Correspondance des toponymies lorraines en français et en allemand - Définition

Source: Wikipédia sous licence CC-BY-SA 3.0.
La liste des auteurs de cet article est disponible ici.

Introduction

Les divers toponymes de Lorraine sont souvent connus par des noms très différents selon la langue dans laquelle on s'exprime. Cet article permet de comprendre l'origine linguistique et historique de cette diversité et liste un certain nombre de correspondances.

Aspects linguistiques

Le Déterminant-déterminé des Romano-Francs

L'origine des toponymes est parfois sujette à controverses. C'est encore plus le cas en Lorraine où les occupations successives ou simultanées par des peuples différents et les changements de nationalité ont souvent plus qu'ailleurs influencé la toponymie.

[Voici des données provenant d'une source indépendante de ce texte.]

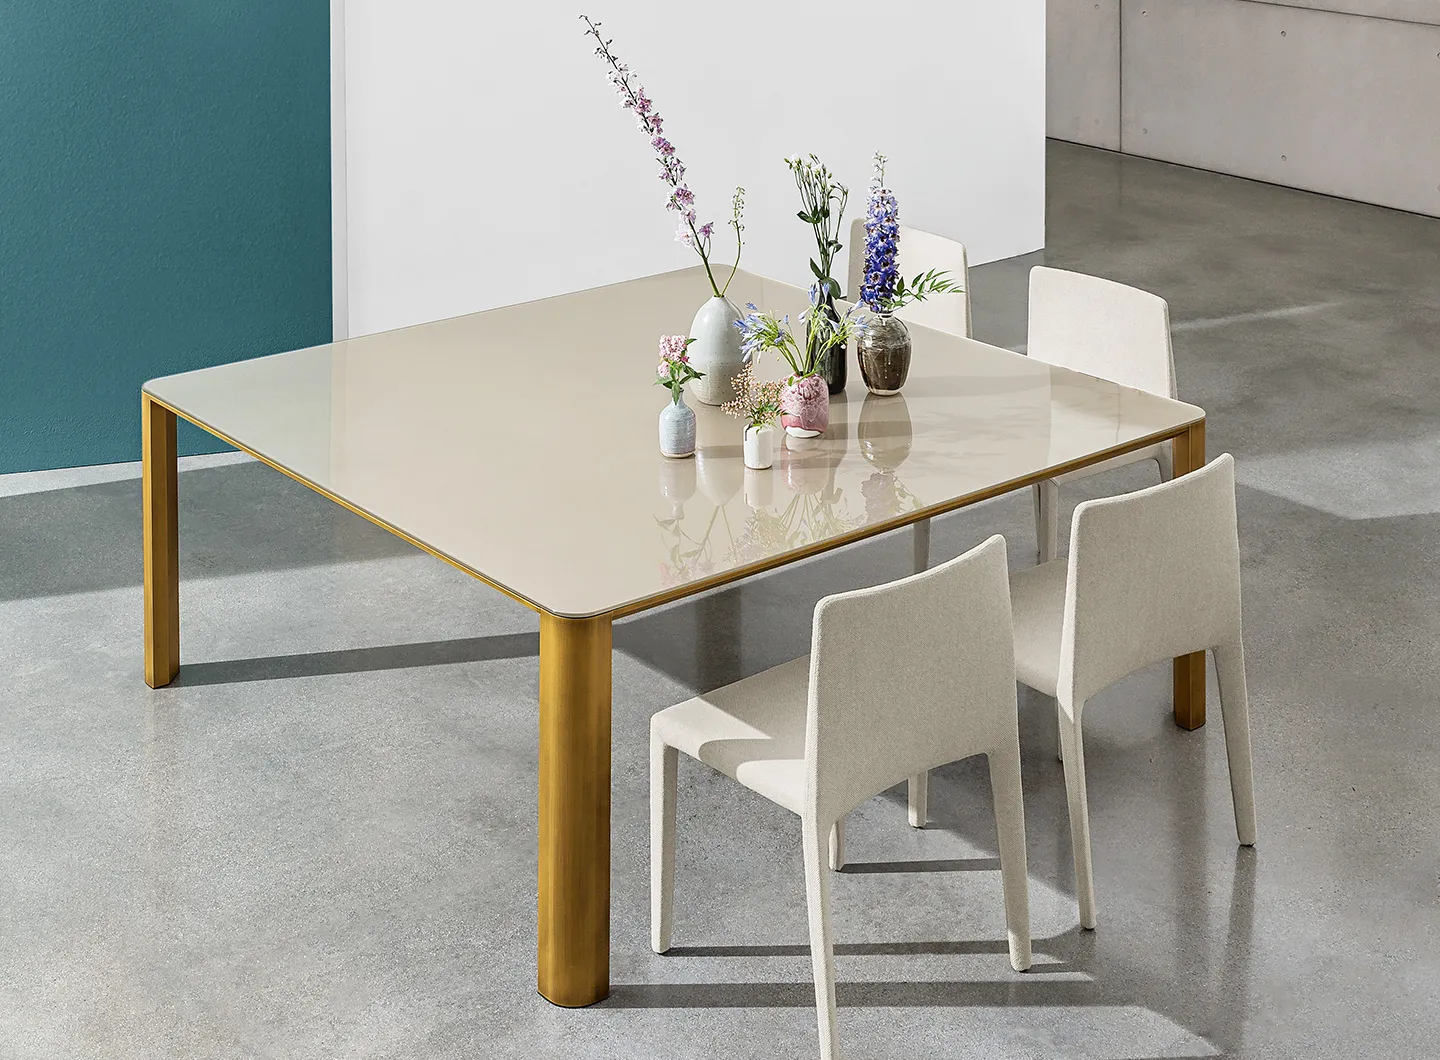 SOVET Kodo dining table and Pura chairs
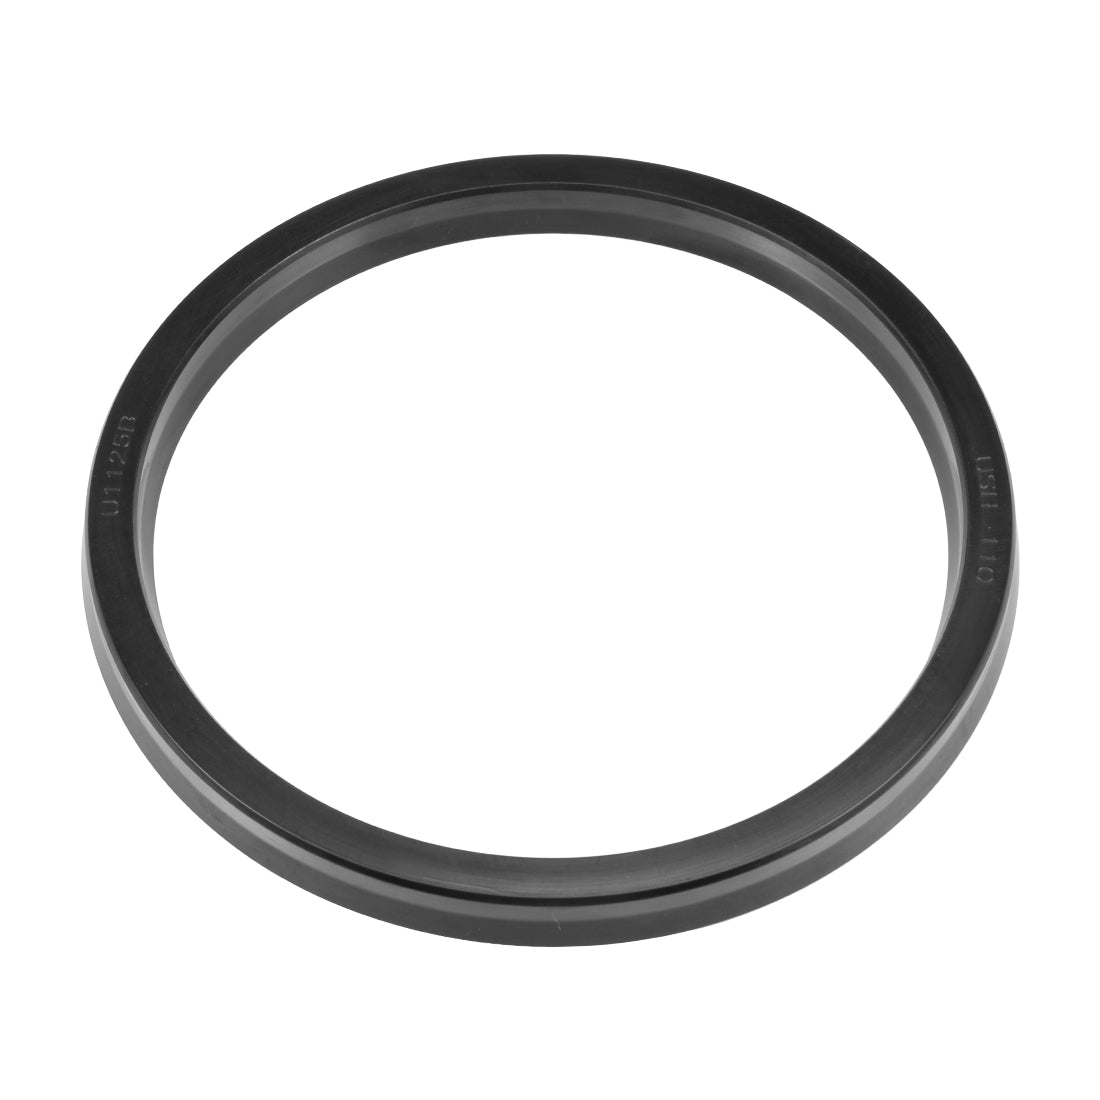 uxcell Uxcell Hydraulic Seal, Piston Shaft USH Oil Sealing O-Ring, 110mm x 125mm x 9mm

Comme dans toutes les régions marquées par l'influence germanique, les adjectifs ou les appellatifs précédent le plus souvent le nom déterminé. Une grande partie de ces noms de lieux est formée avec le nom d'un seigneur ou propriétaire local. Il semble cependant que certains aspects topographiques, religieux ou historiques particuliers aient pu jouer un rôle plus important qu'il est difficile de déterminer dans les formations d'origine gallo-romaine notamment. Si les toponymes gaulois sont souvent mal éclaicis, faute d'une connaissance suffisante de cette langue, les toponymes romans jouent souvent le rôle de Decknamen de ces toponymes celtiques plus anciens qui ont été rhabillés à la romane.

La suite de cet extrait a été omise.